I also remember a secondhand Honeywell 6080 at Aber that used to belong to NASA and them just introducing a new thing called TSS - Time Sharing Service - as though a stack of cards wasn't too good for students already.

Owain

Reply to
Owain

I started on PDP11s at college, though smaller ones like the 11/44, then migrated to uPDPs at my first job, then the VAX 11/730 and then it mushroomed :)

Got a uVAX I here that I'm working on 'cos either its RD52 or RQDX1 has gone south.....processor passes its tests though so that's a big worry out of the way.

-- cheers,

witchy/binarydinosaurs

Reply to
Witchy

Dave Cutler was one of the 3 original VMS programming team members (though he wasn't there for that long) and went to Ken Olsen with the idea of a desktop OS for personal computers, but since Ken is famously quoted as saying 'I don't believe there's a reason for anyone to have a computer in the home' amongst other things the idea was rebuffed so Dave upped sticks and went to uncle bill. Where apparently he didn't last too long either.

Back then it was things like process control and virtual memory management....I knew some NT programmers and they said it was very much like VMS for that side of things but they didn't elaborate on the rest of the 'user experience'.

*strokes AMD webserver with Alpha 21064 FSB* :)

-- cheers,

witchy/binarydinosaurs

Reply to
Witchy

I don't think you mean microcode. AFAIK, the '8 didn't have programmable microcode. You probably mean "machine code" which is something else entirely.

Reply to
Huge

Where is he now? As an ex-RSX-11(M,S) programmer, he was always a hero of mine.

Reply to
Huge

I agree...but in fact the PDP-8 did have something called 'microprogramming' which is where the confusion probably arises.

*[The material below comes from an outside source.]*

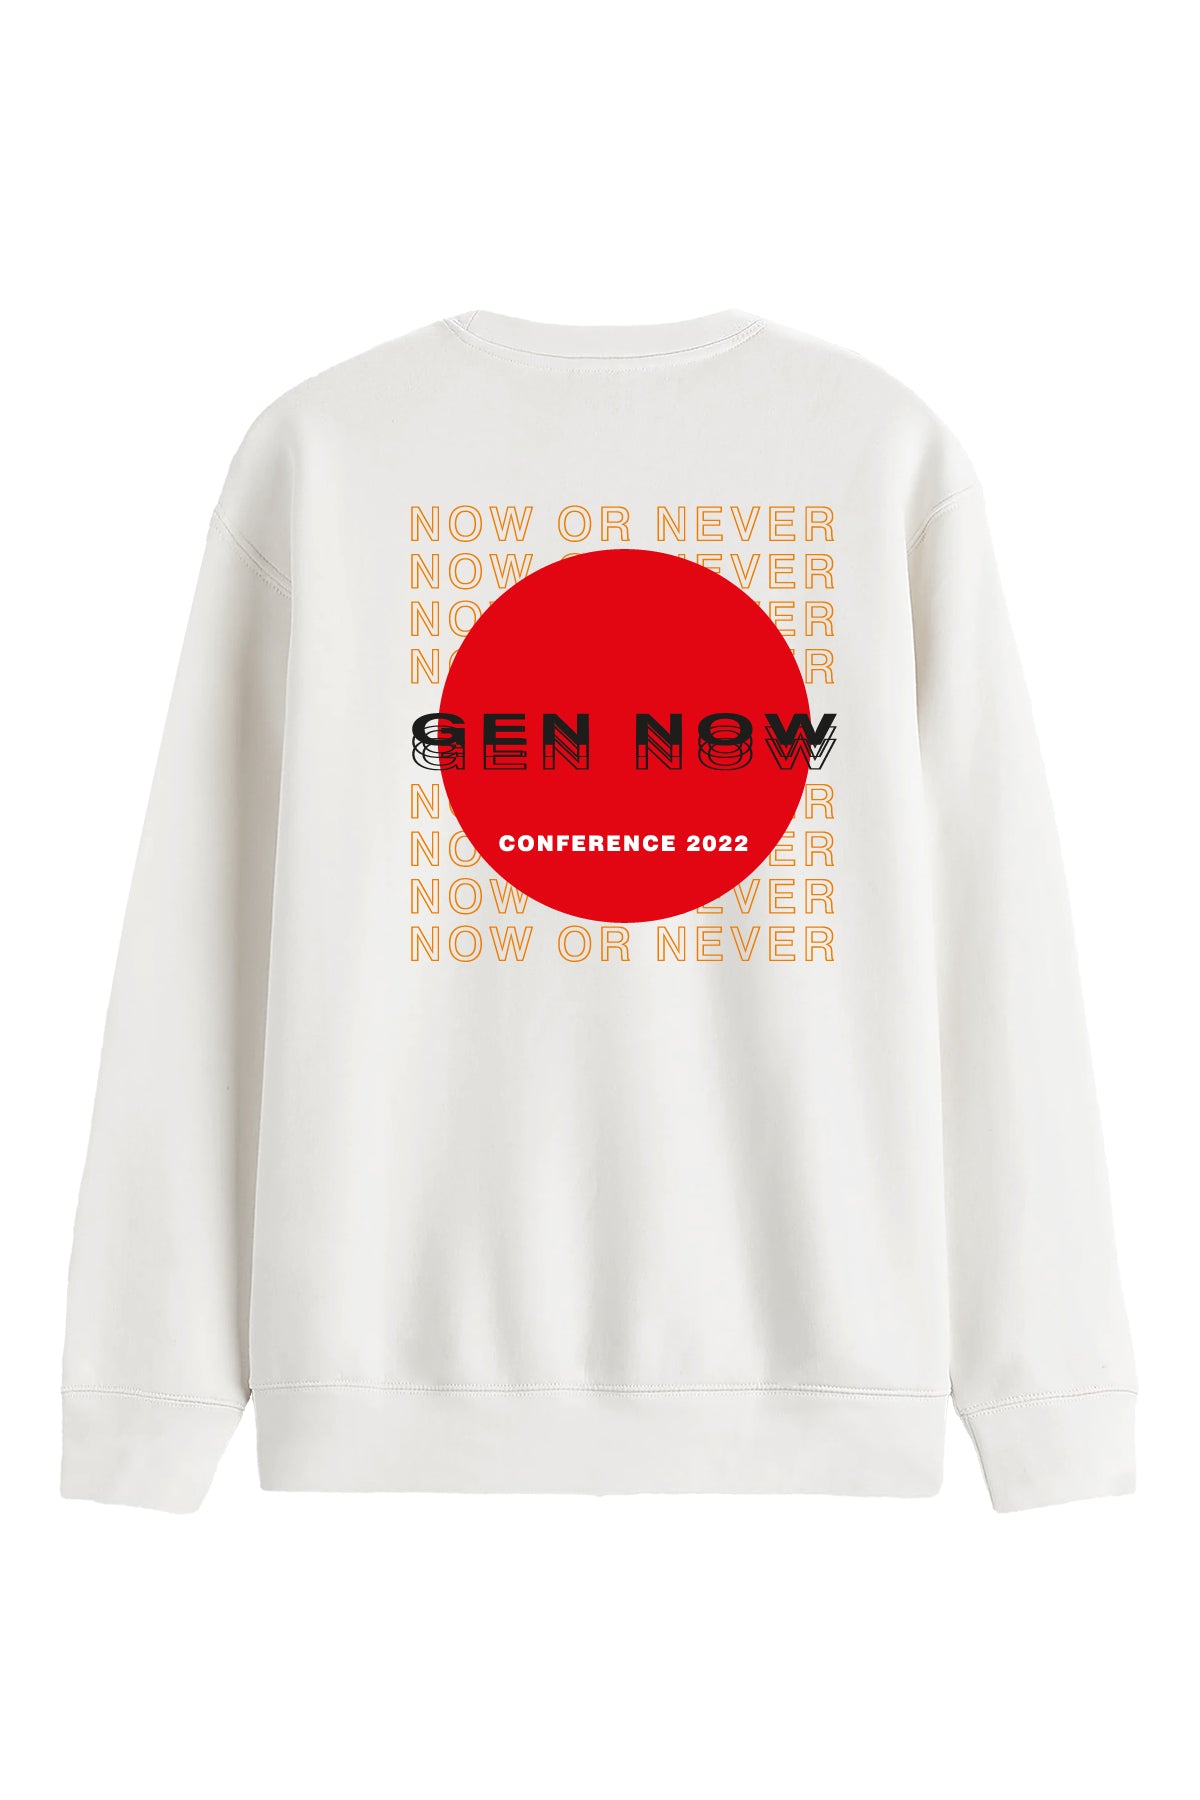 Gen Now - Sweatshirt

Group1 and Group 2 instructions were addressless instructions, with function determined by a bit code. You were allowed to use combinations of bits; for example, to load -1 (all 1s) into the accumulator, you combined CLA (clear accumulator) and CMA (complement accumulator). There were many more.

(I *have* written microcode...but for a mainframe!)

Reply to
Bob Eager

I've worked with VMS for 20-odd years, but despite this I still haven't come across what looks to be an entirely reliable biography of the guy. While he did write a lot of the original VMS kernel, he left the team after V1.0 and there has been a hell of a lot of development since then. So, he sowed some great seeds but there are many other talented O/S engineers to thank. He did not contribute to the development of clustering, for example, an area where VMS still stands head and shoulders above the rest. Imho...

Afaik, he fell out with DEC management over the cancellation of Mica, the possible VMS successor on new RISC hardware codenamed Prism (pretty ironic given that the Alpha eventually supplanted Vax). History tells us he moved to Microsoft in 1988.

Although some sources claim he left MS in 95, I know one NT kernel developer who started there after that and Cutler was definitely still around a few years later. Although he did seem to have a somewhat loose and creative contractural arrangement - when supposed to be at work he would sometimes be on vacation, and while supposedly on vacation could often be found in at weekends rewriting someone else's code :-)

Reply to
John Laird

I'm an ex-RSX-11M (Systime) programmer. How come I'm not a hero of yours?